From Saints and Scholars (the Reform Ireland blog):
Today was a short day at GAFCON, but a highly significant day. Details will be released later by the GAFCON leadership, but what can be said is that decisions are being taken by those at GAFCON in a very tangible atmosphere of prayer, joy and worship. Not only is there a deep sense of fellowship in Christ, but also there is a huge desire to move forward under the Lordship of Christ to accomplish his mission in the world.
Yesterday, a wonderful aspect of the corporate worship of GAFCON was the marvellous singing led by the members of the Mothers’ Union Choir of Nigeria. But even that was trumped by a choir of four south American bishops, one toting a guitar, leading in a time of joyful praise - in spanish!
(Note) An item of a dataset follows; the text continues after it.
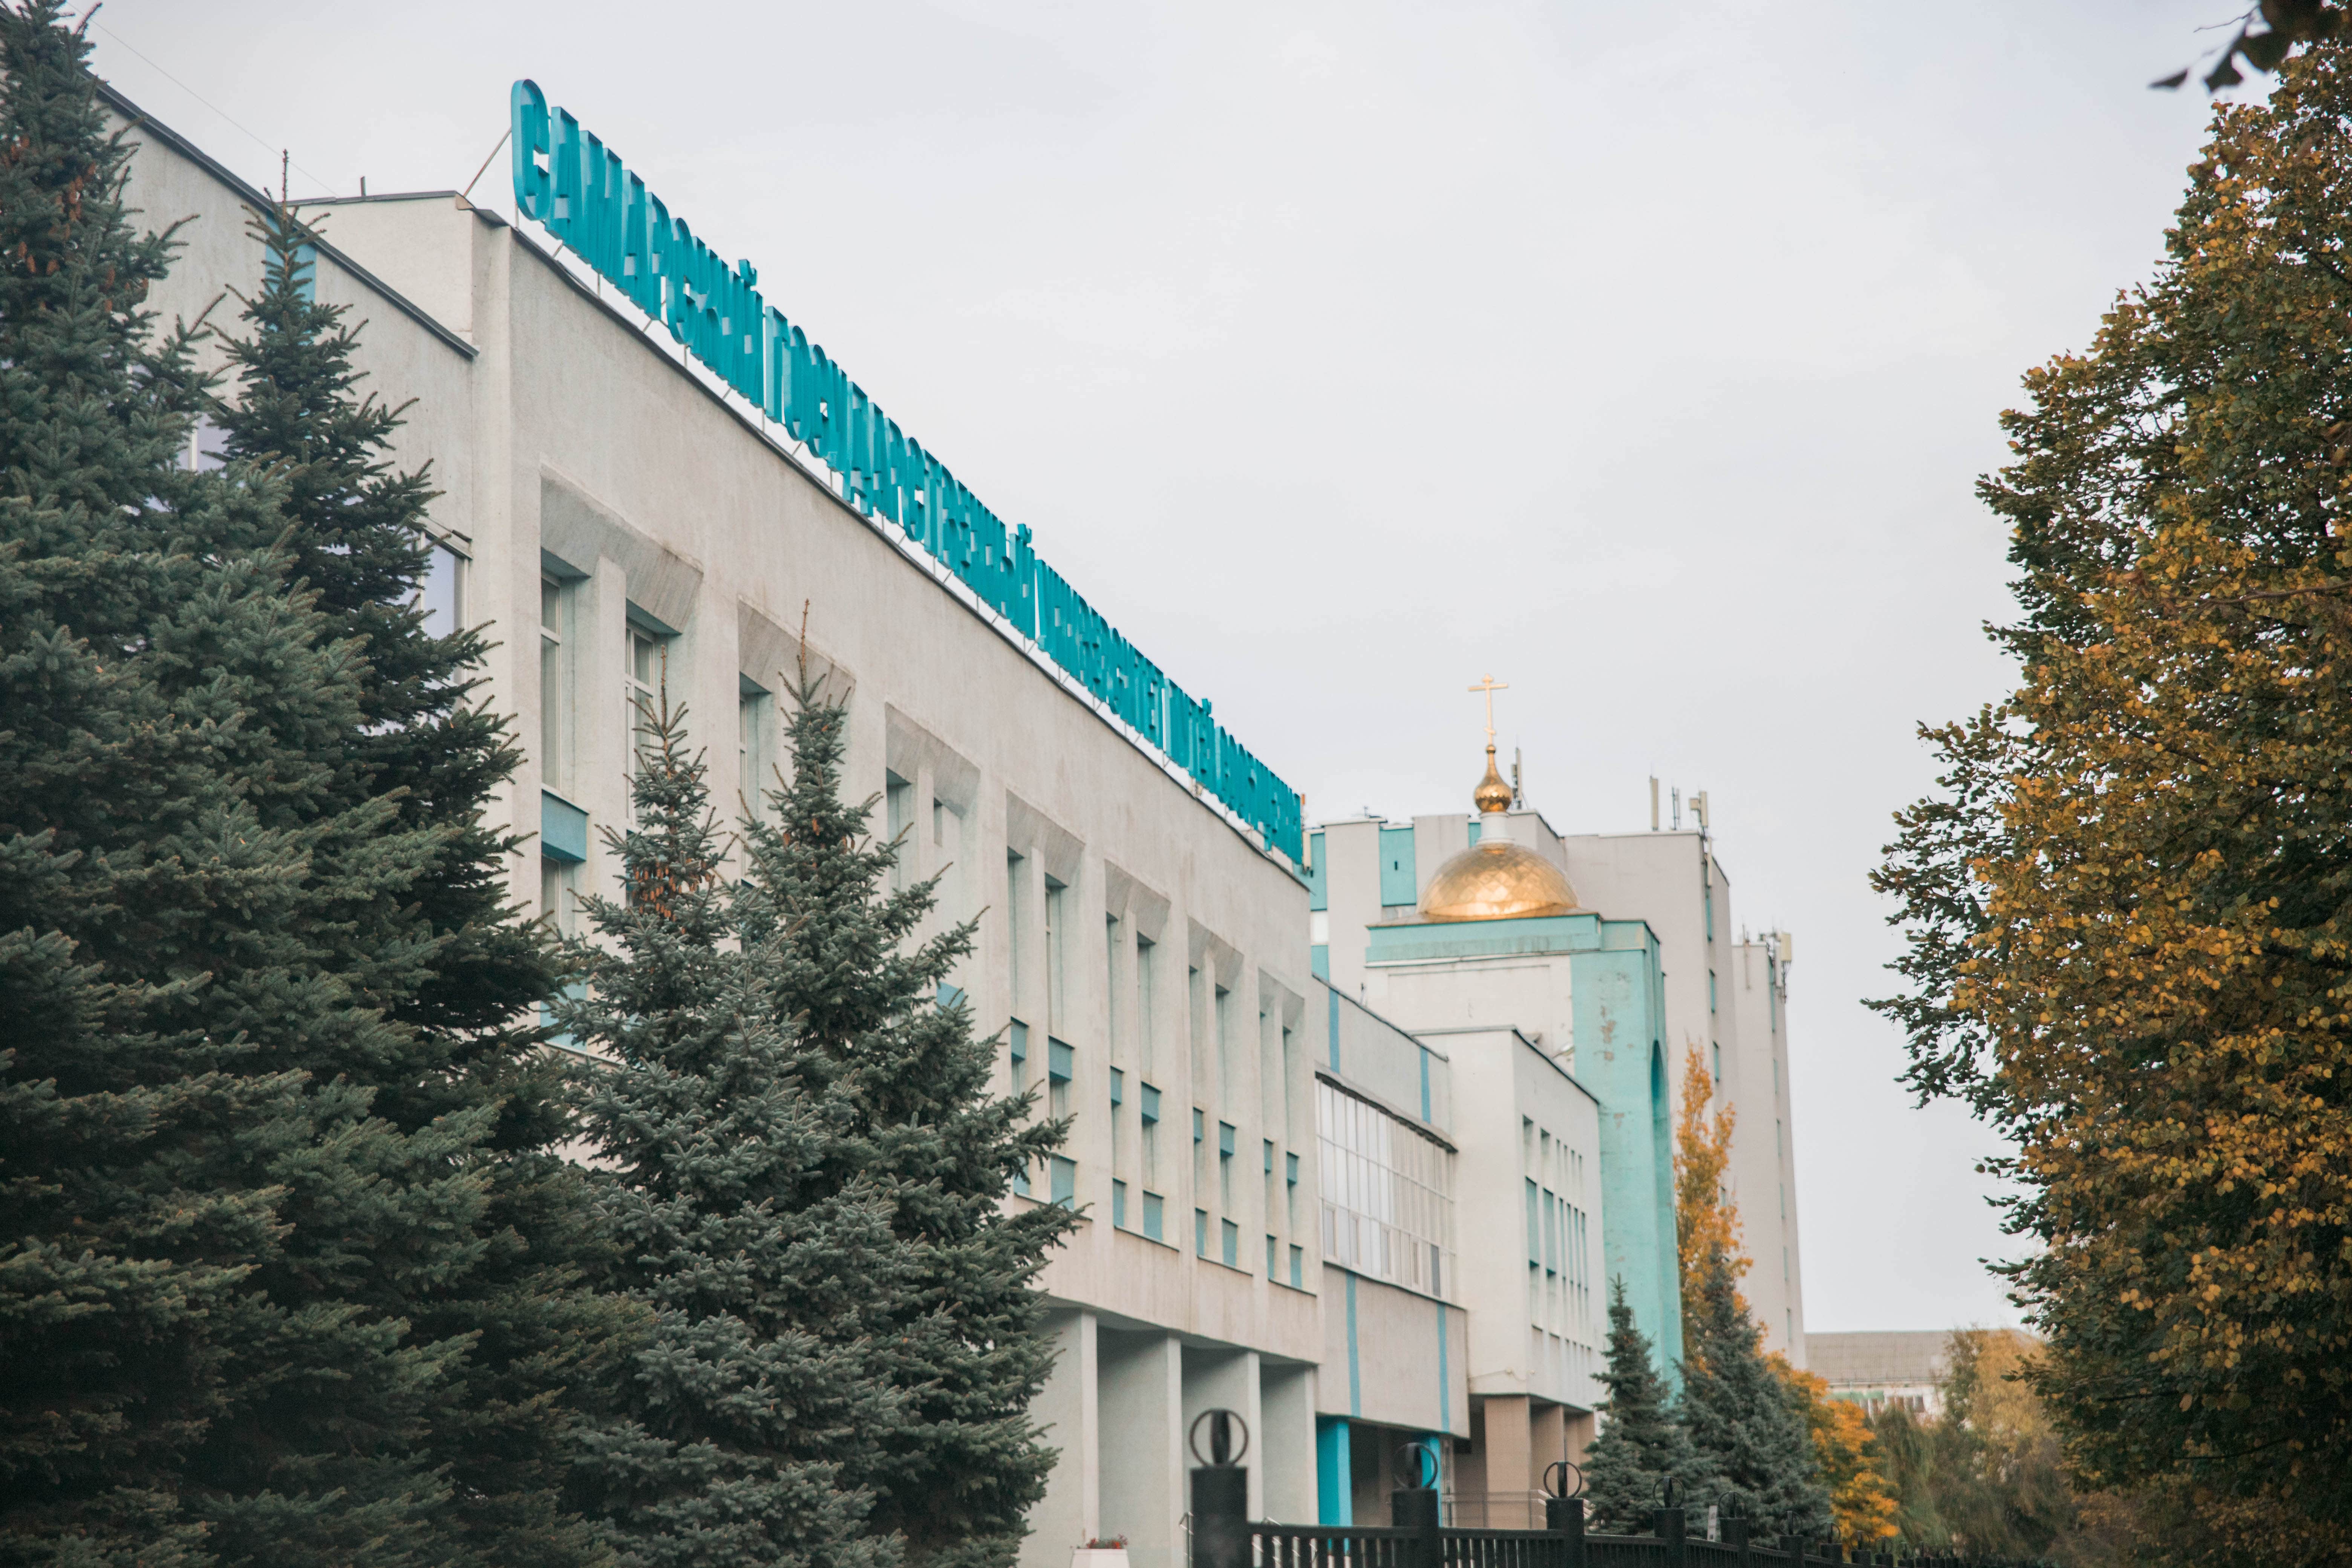 Самарский государственный университет путей сообщения

Joyful as the fellowship is at GAFCON, it is most certainly not a spiritual ‘jamboree’. There is a serious determination to be about the heavenly Father’s business and this is expressed in the workshops, the plenary sessions, and in casual conversations.
Those who profess faith in Christ and are suspicious, or dismissory, or sceptical, or fearful, or downright hostile to GAFCON, should pause to think what exactly they are doing. Here at GAFCON are joyful, committed believers in Christ, faithful Anglicans, intensely loyal to the teachings of the Scripture as expressed in the formularies of Anglicanism: here, amongst the throng at GAFCON are some of Anglicanism’s best scholars and leaders; here are some of Anglicanism’s best evangelists; and here are people committed to godly living in Christ Jesus. What’s bad about that? Are those who sneer at or dismiss GAFCON jealous of the vitality and christian determination of the churches represented here? Do they feel threatened by the Gospel emphasis of GAFCON? If so, how then can they claim with any integrity to really have faith in Christ? They should be rejoicing at GAFCON, not keeping it at arm’s length!
GAFCON represents a movement that, under God, will renew Anglicanism and take it forward in serving Christ in the world. Isn’t that what those who have the Gospel at heart and the best interests of the Church of Ireland want to do? Then, if that is so, the decisions and statements of GAFCON should rejoice the heart and cause us in the Church of Ireland to want to align ourselves in joyful committment to the Gospel imperatives they reflect.